### Task directions
Pictures are to be dropped. Everything else in the listing gets copied exactly.

### Exercise data
————
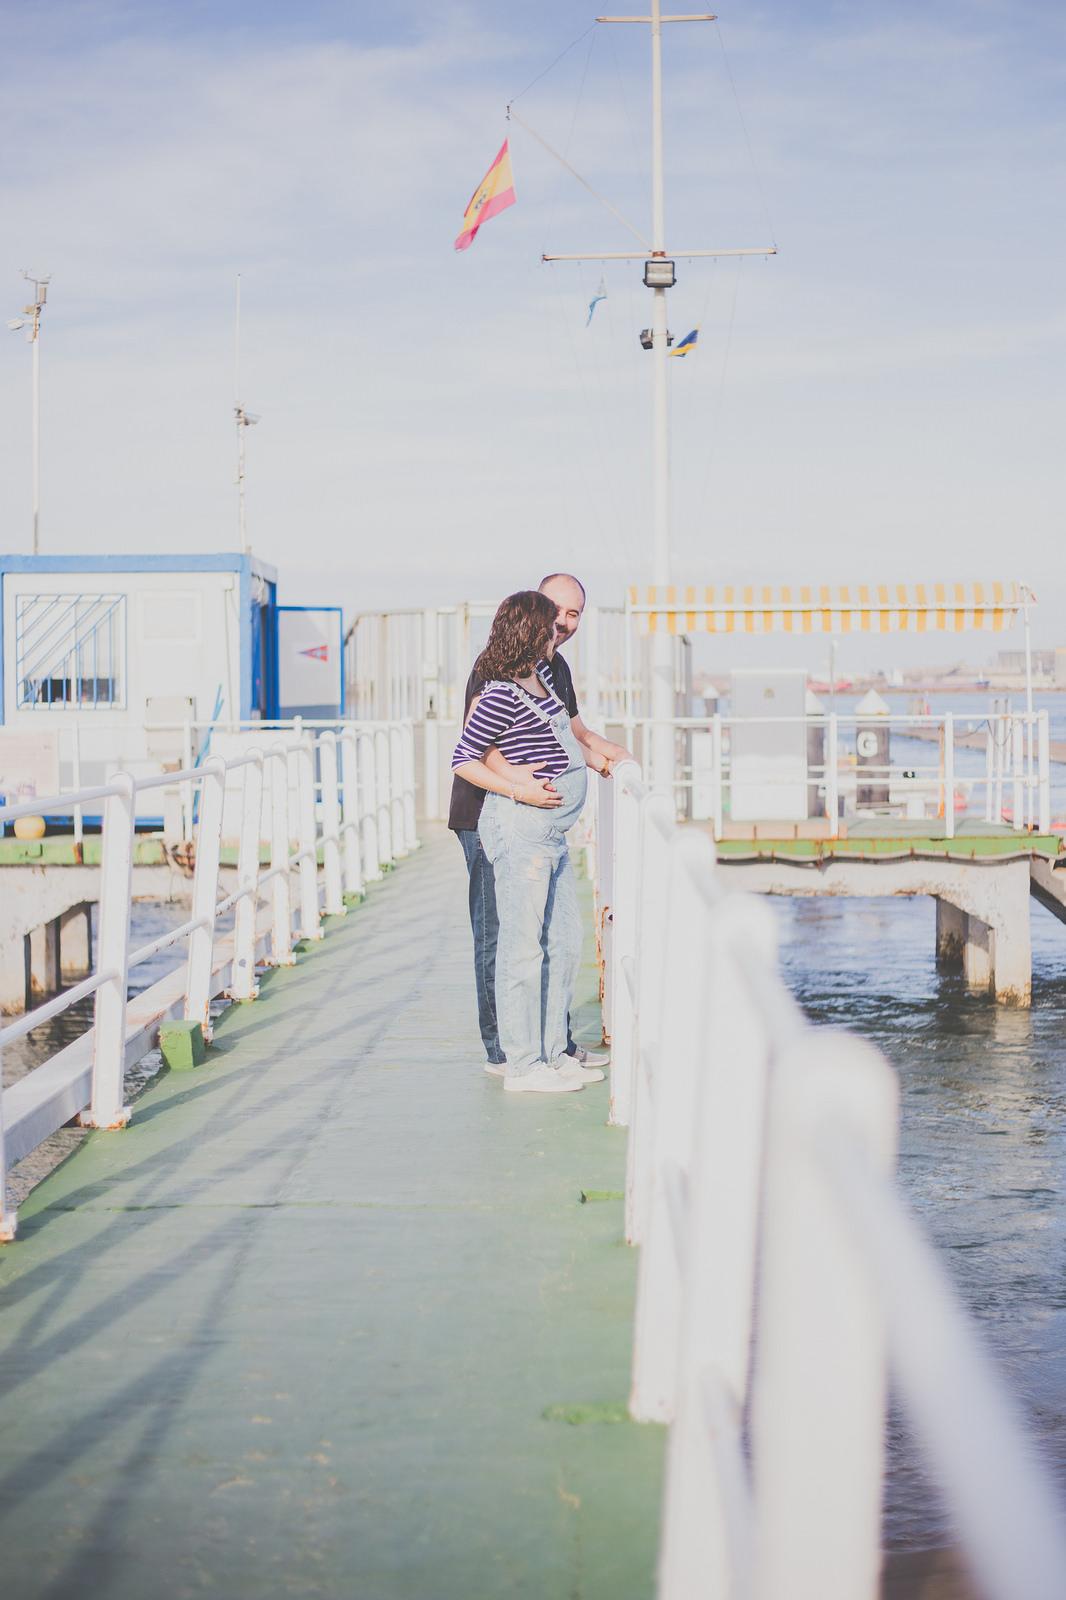 sesion embarazo silvia orduna fotografia huelva playa 8
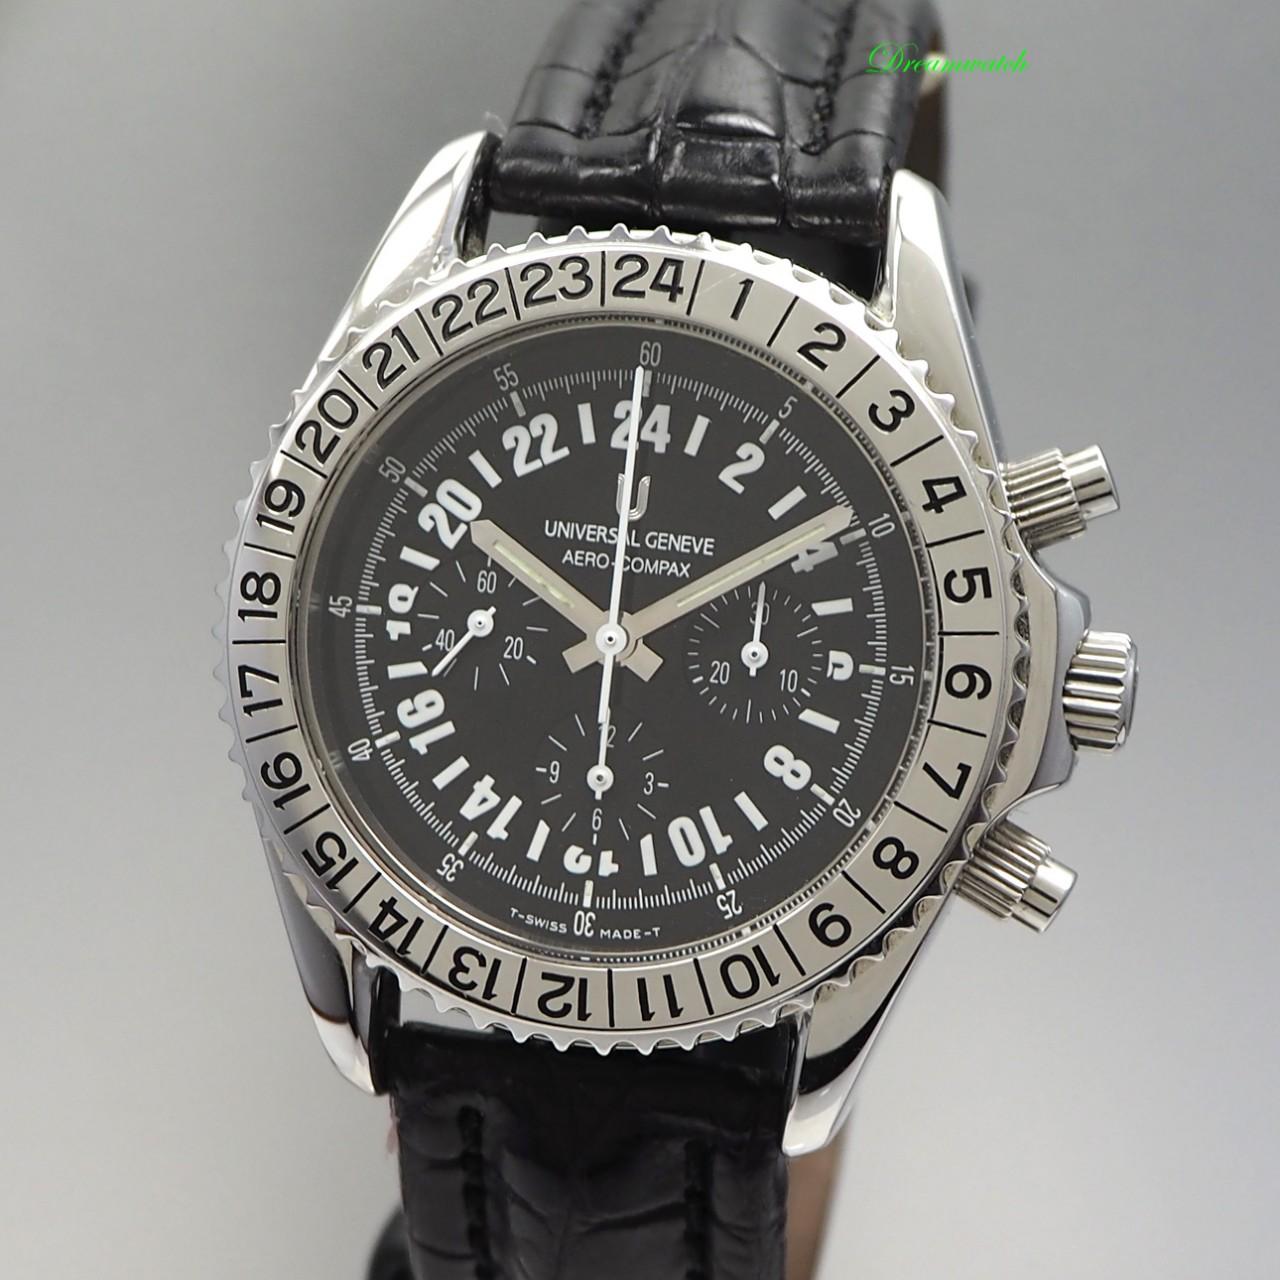 Universal Geneve Aero Compax 24H Chronograph 882.424
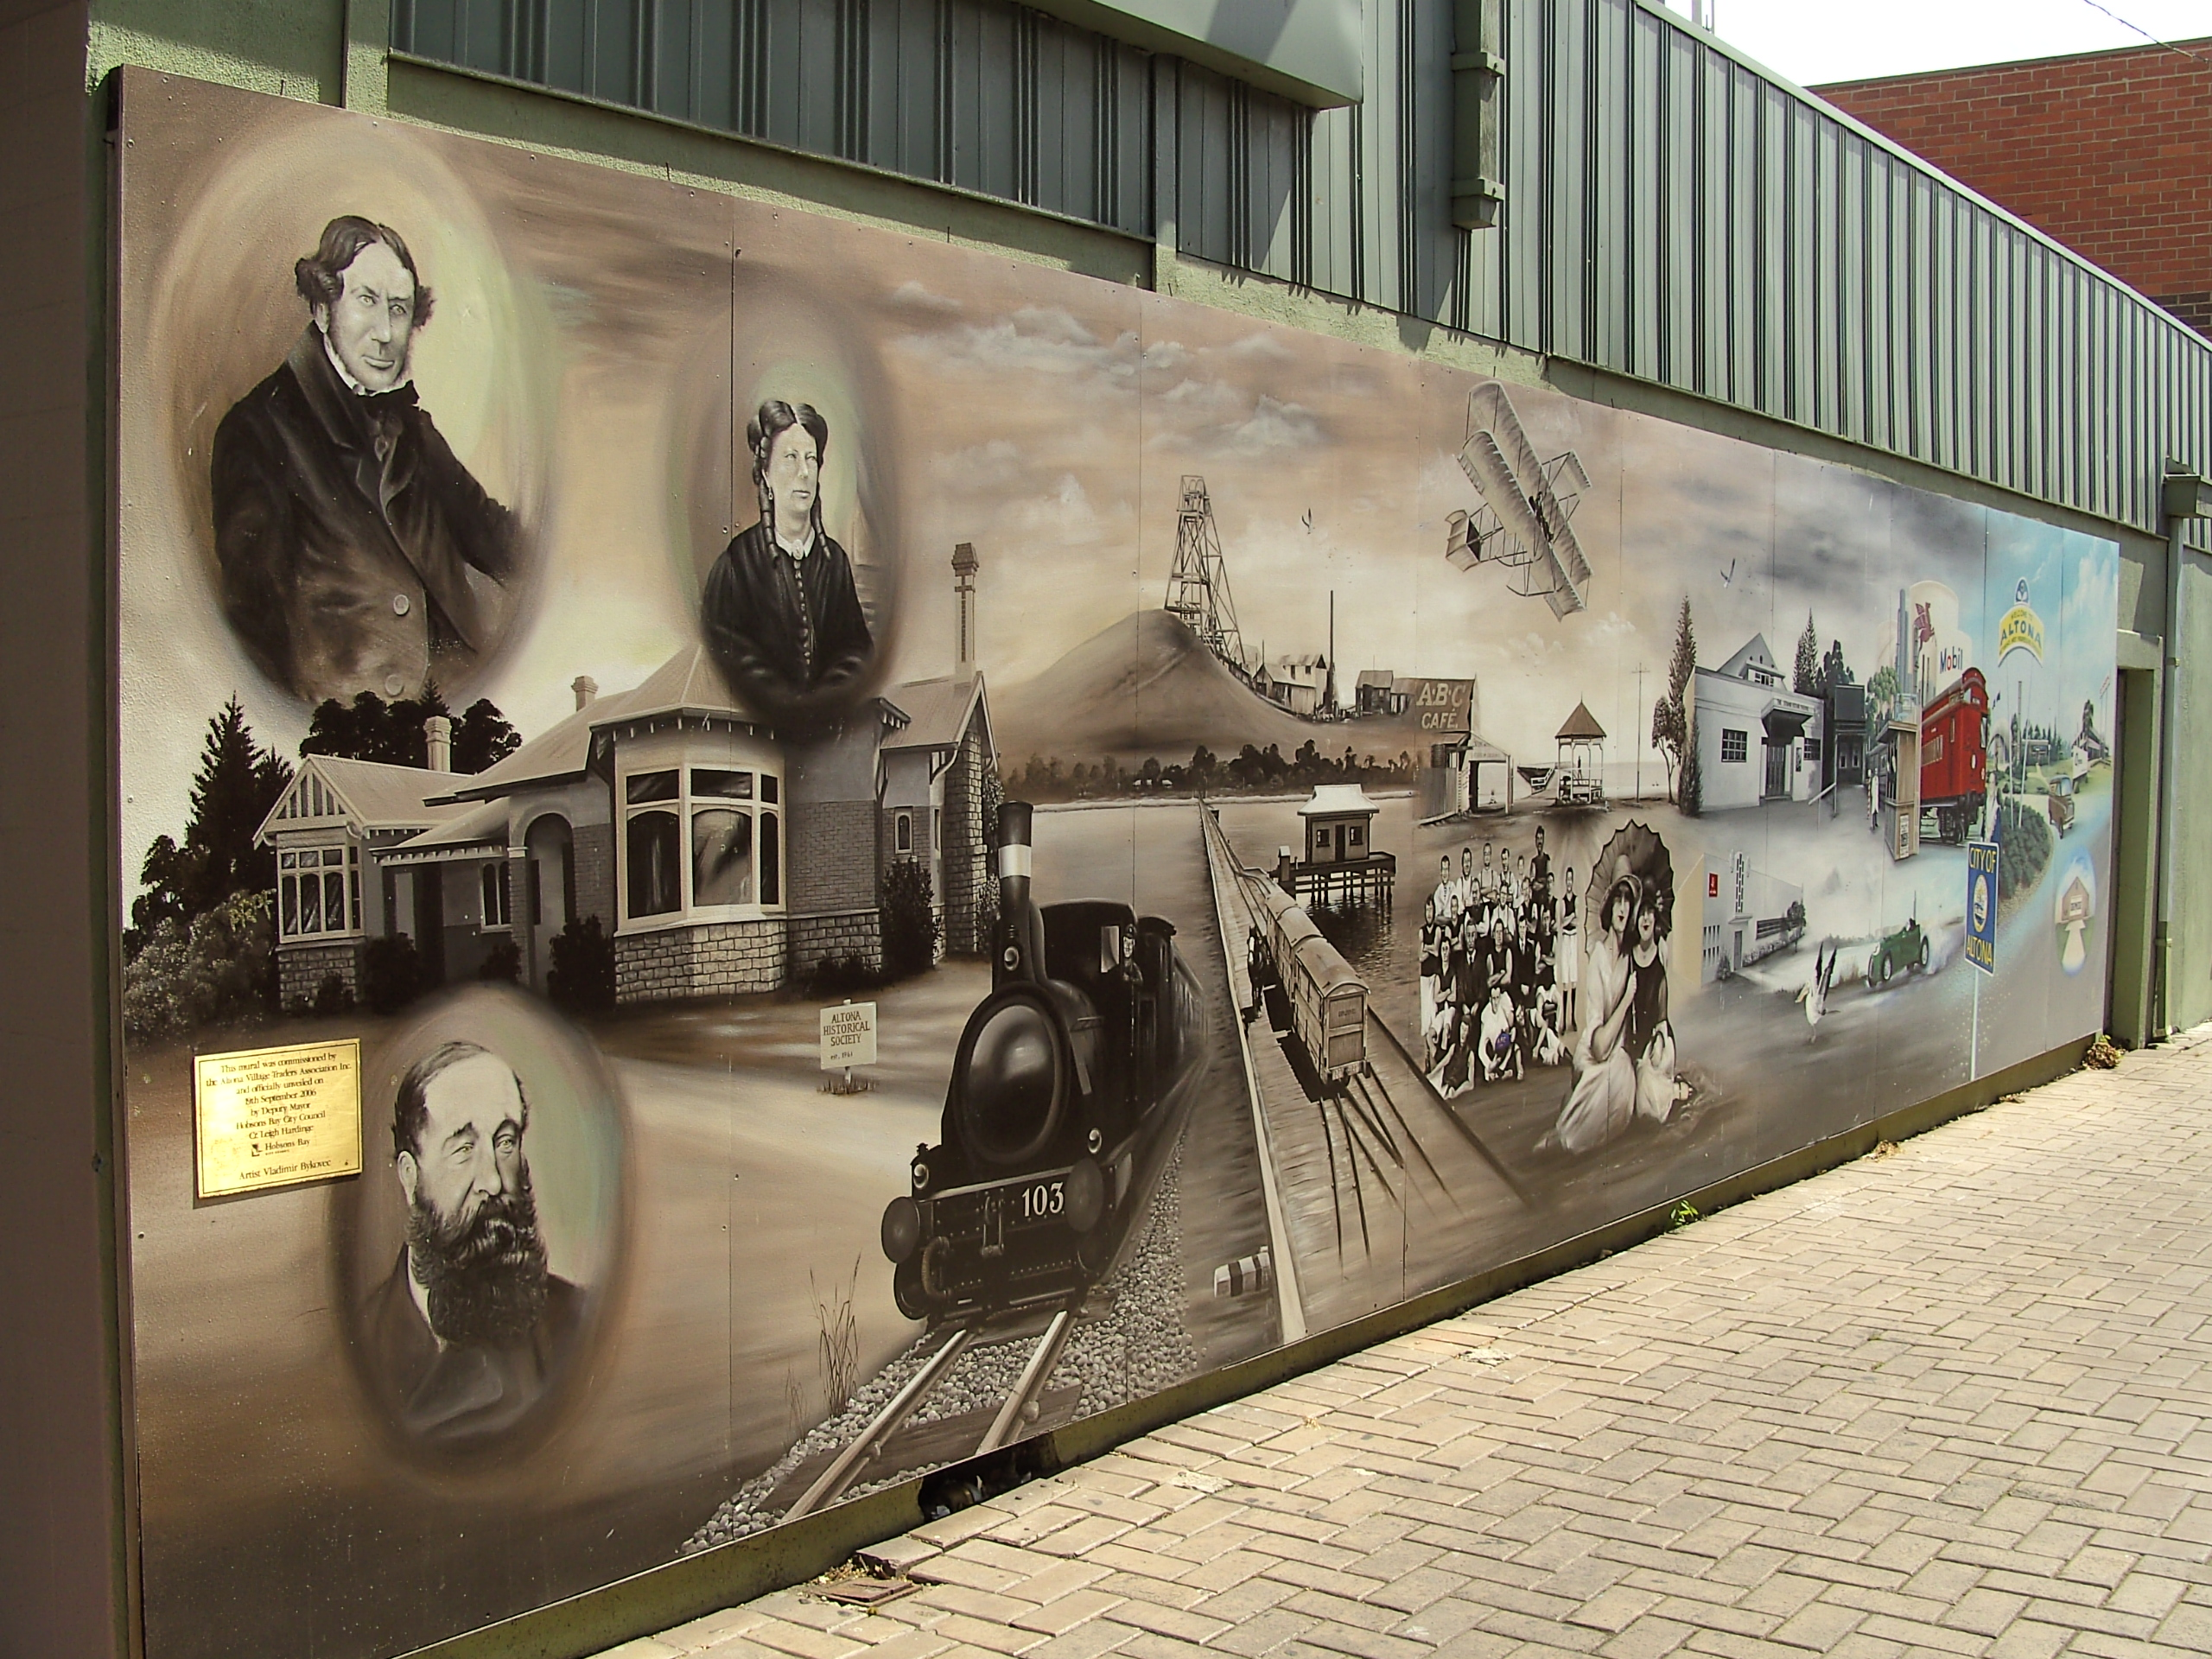 Altona_VIC_mural-historical ...altona village
————
### Exercise answer
 sesion embarazo silvia orduna fotografia huelva playa 8
 Universal Geneve Aero Compax 24H Chronograph 882.424
 Altona_VIC_mural-historical ...altona village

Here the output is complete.